I know I’ve always talked about stress and mental health within the context of work life as well as the hum of busy urban lives. I want to make it clear that this is different from the pressure to perform during specific one-off opportunities that you’ve earned because of your capabilities and brilliance. Whether it is pitching to your best and most valuable clients to competing in the Olympics perhaps at the end of your sports career, there is pressure and some kind of stress there. And this is generally a positive stress if we cope with it well; a natural form of stress that pushes us forward rather than keep us stagnant or hanging.
In the Netflix Docu-series, The Playbook’s first episode on Doc Rivers the NBA coach, one of his coaching rule highlighted is that ‘pressure is a privilege’ and that kind of blew me off my chair. My mind was opened by this insight because our brains naturally try to run or hide from pressure, from stress of any kind. And even when we know it might be good, we are often not so vested. But this ‘rule’ from Doc Rivers changes our perspective on that pressure on our minds, on our nervous system.

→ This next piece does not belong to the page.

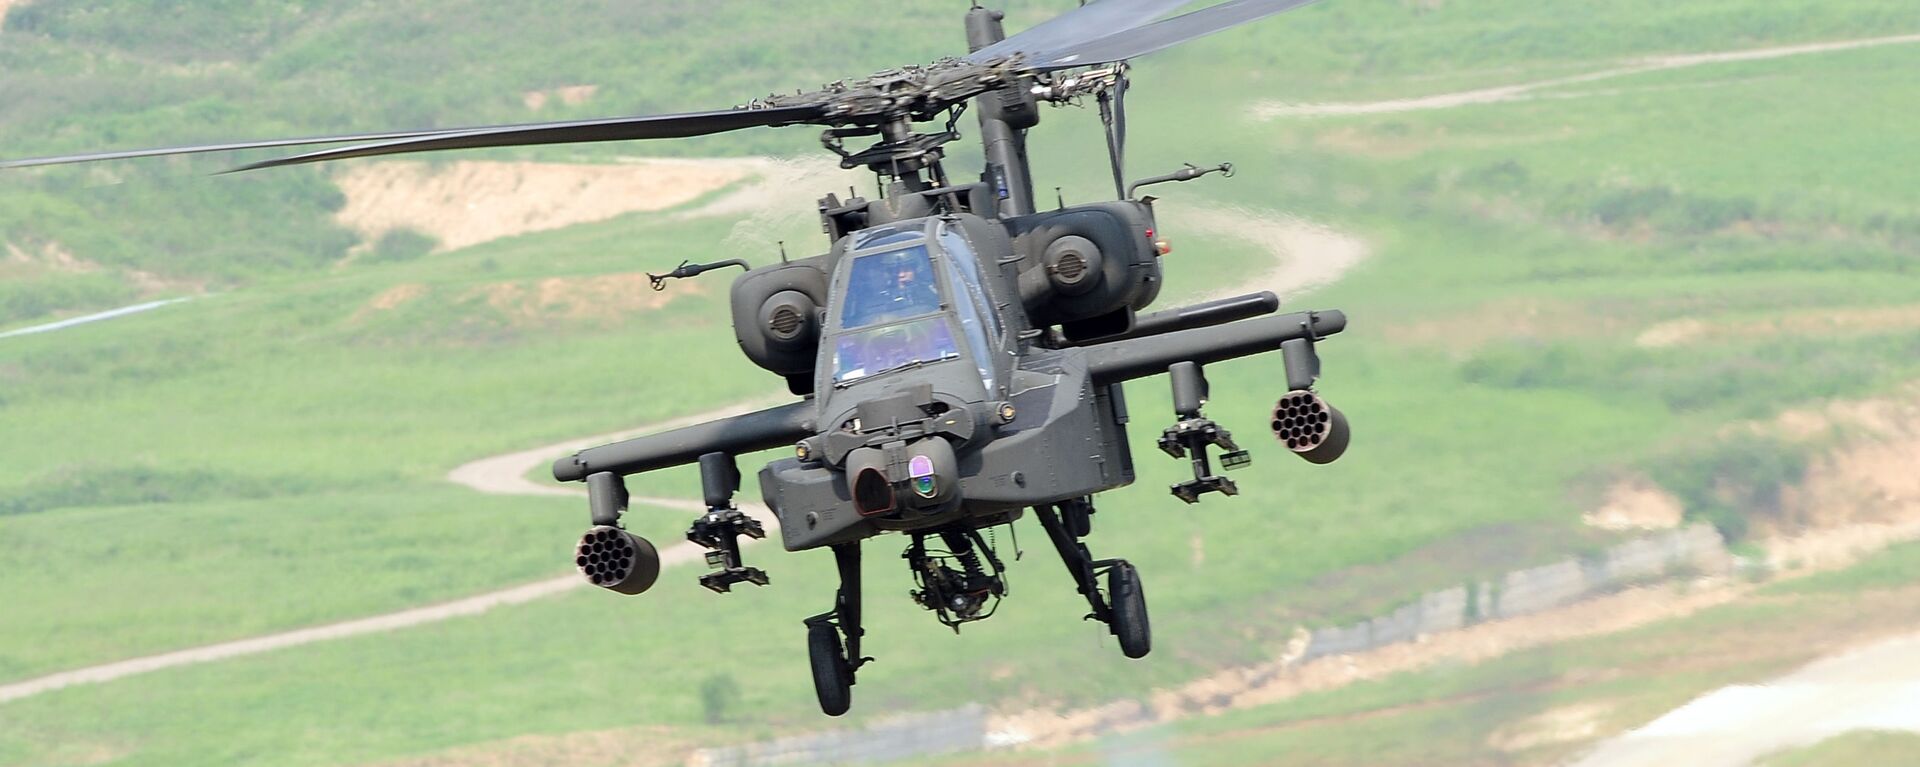 AH-64 Apache - Sputnik Việt Nam, 1920, 30.11.2019
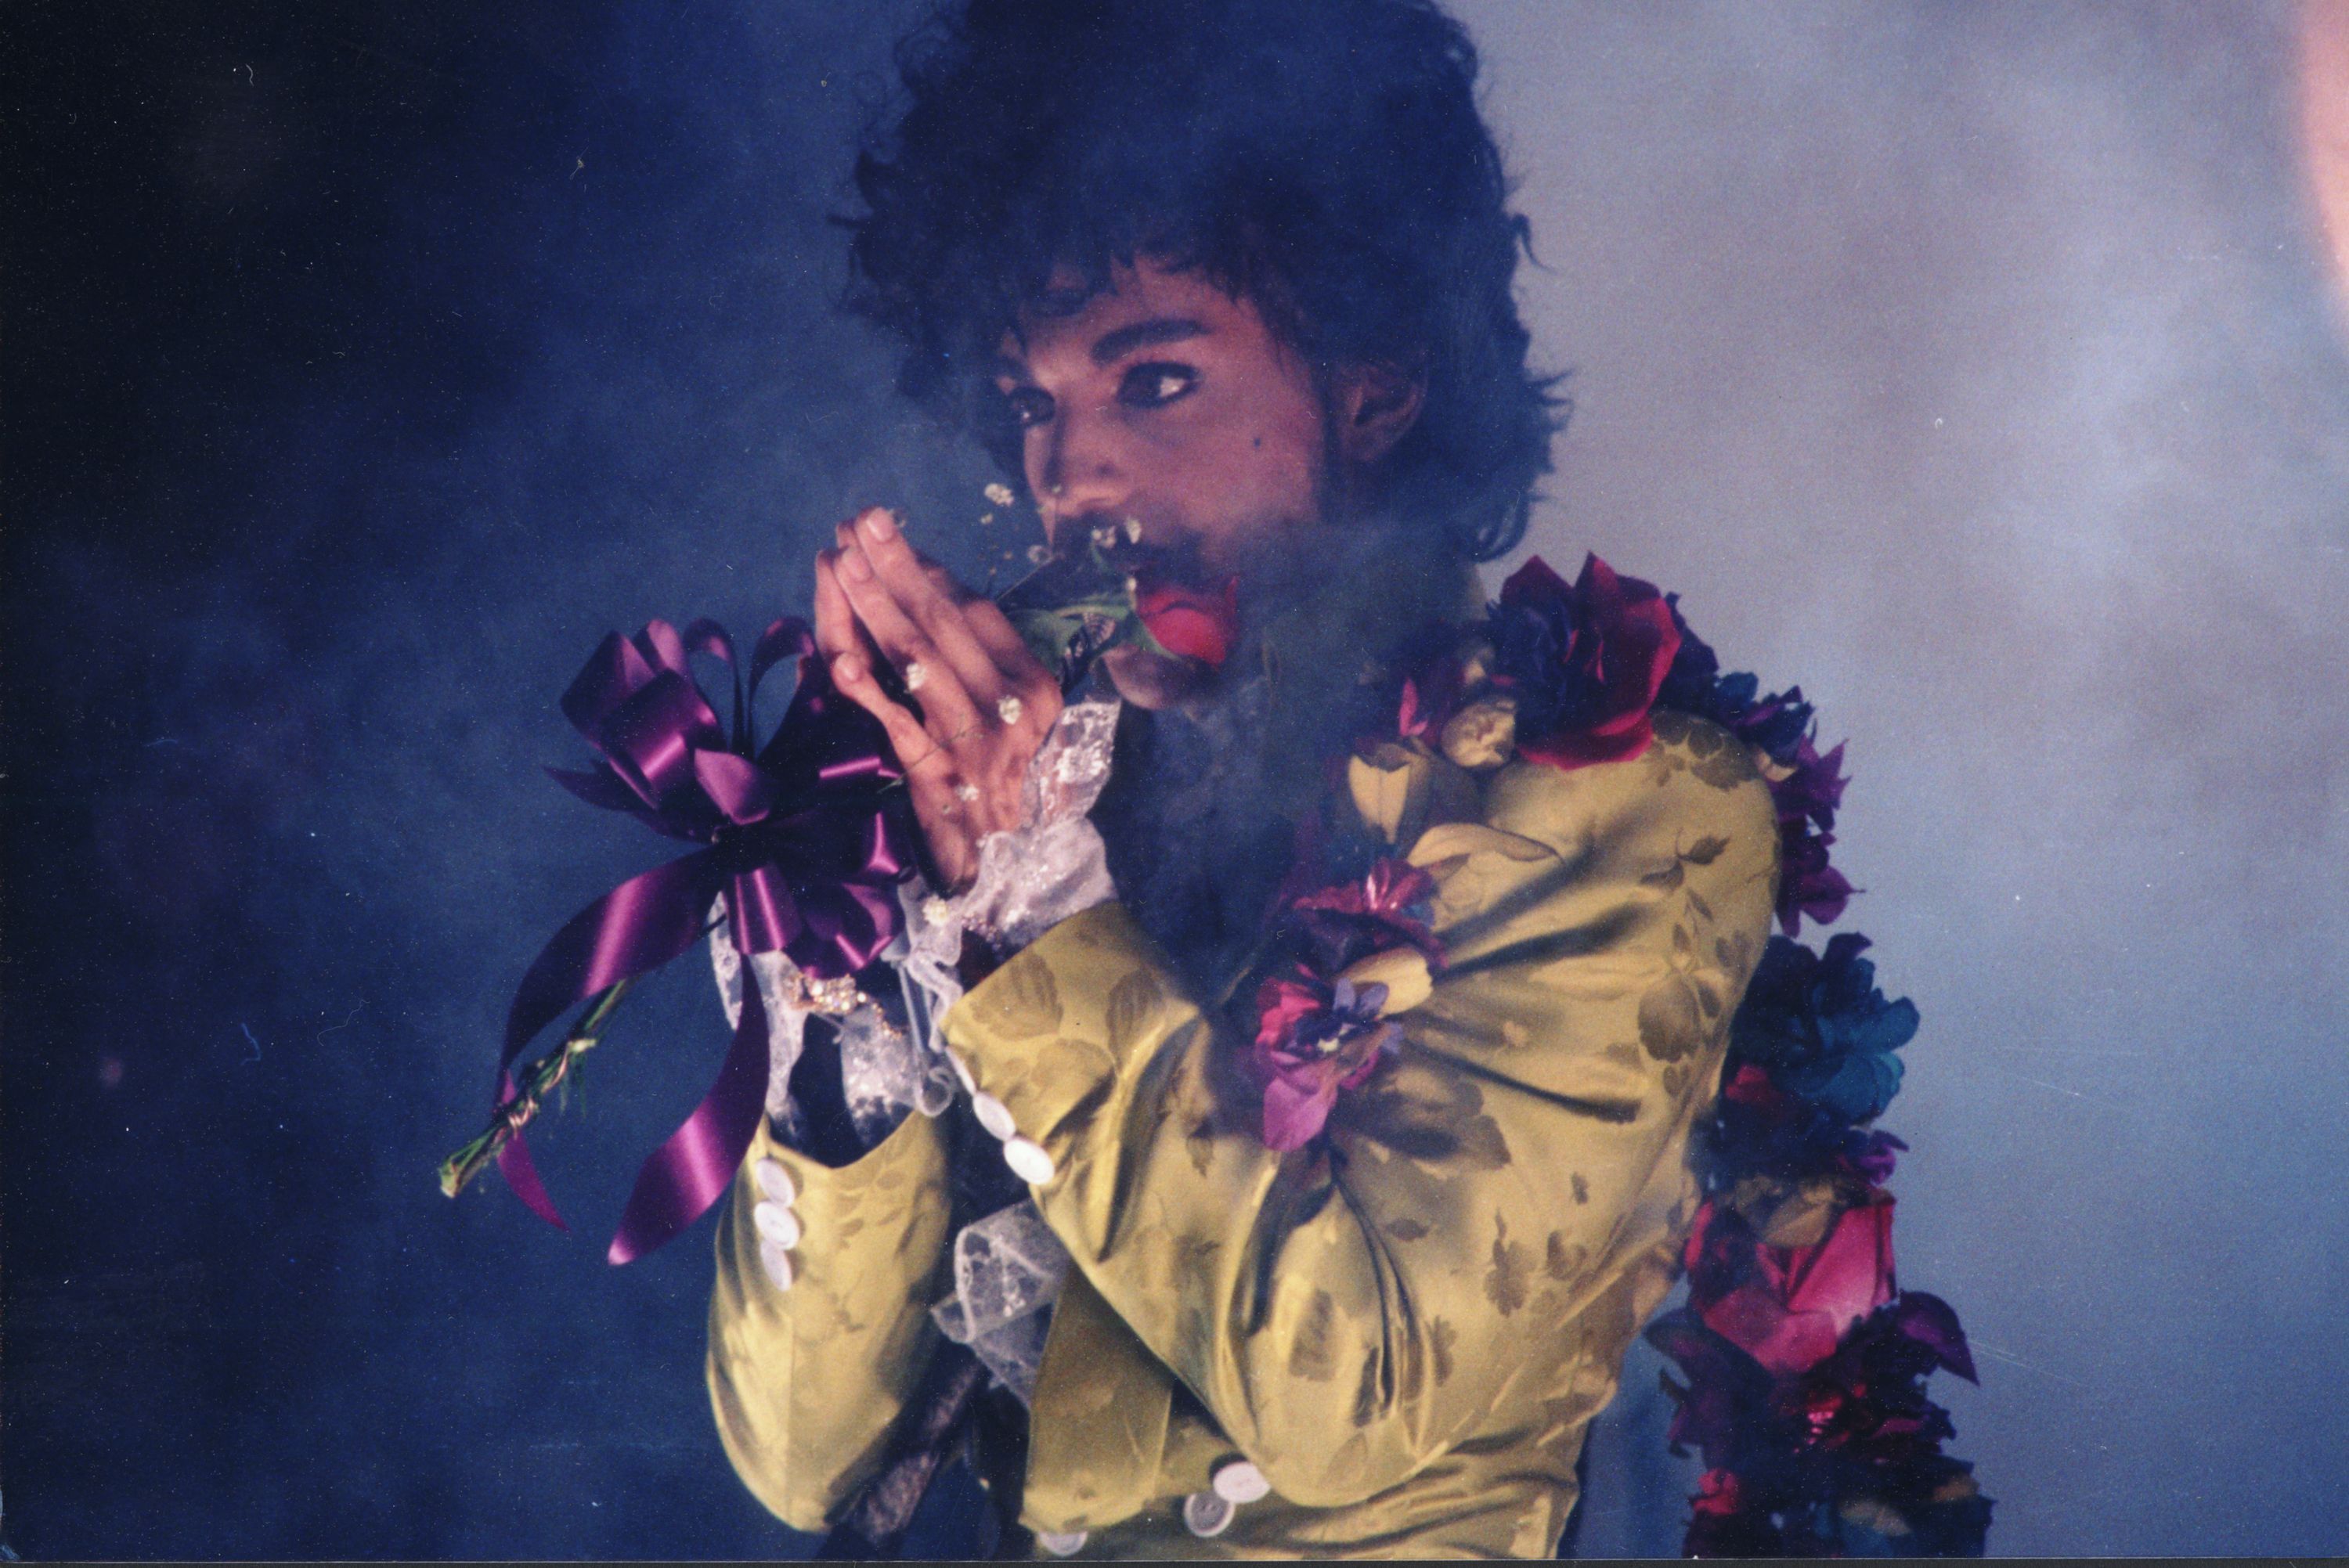 Best Prince Photo Photo of Prince's 'Purple Rain' Era

And when he covered that, my mind inevitably drift back to the story he described in his childhood about how he said he wanted to be a pro basketball player when he was Grade 5 and his teacher just told him to be realistic, discouraging him. He spoke about the environment he was growing up in as an African American in Chicago. I think that’s how this ‘rule’ burns into his mind and his identity. Because indeed, you earnted that privilege to be in that position where there’s expectations upon you, where there is pressure to perform.
So when you think that pressure is getting better of you, think about what privilege it is again, to be there amongst the contenders – because there’s so many who weren’t even given the opportunity to be there.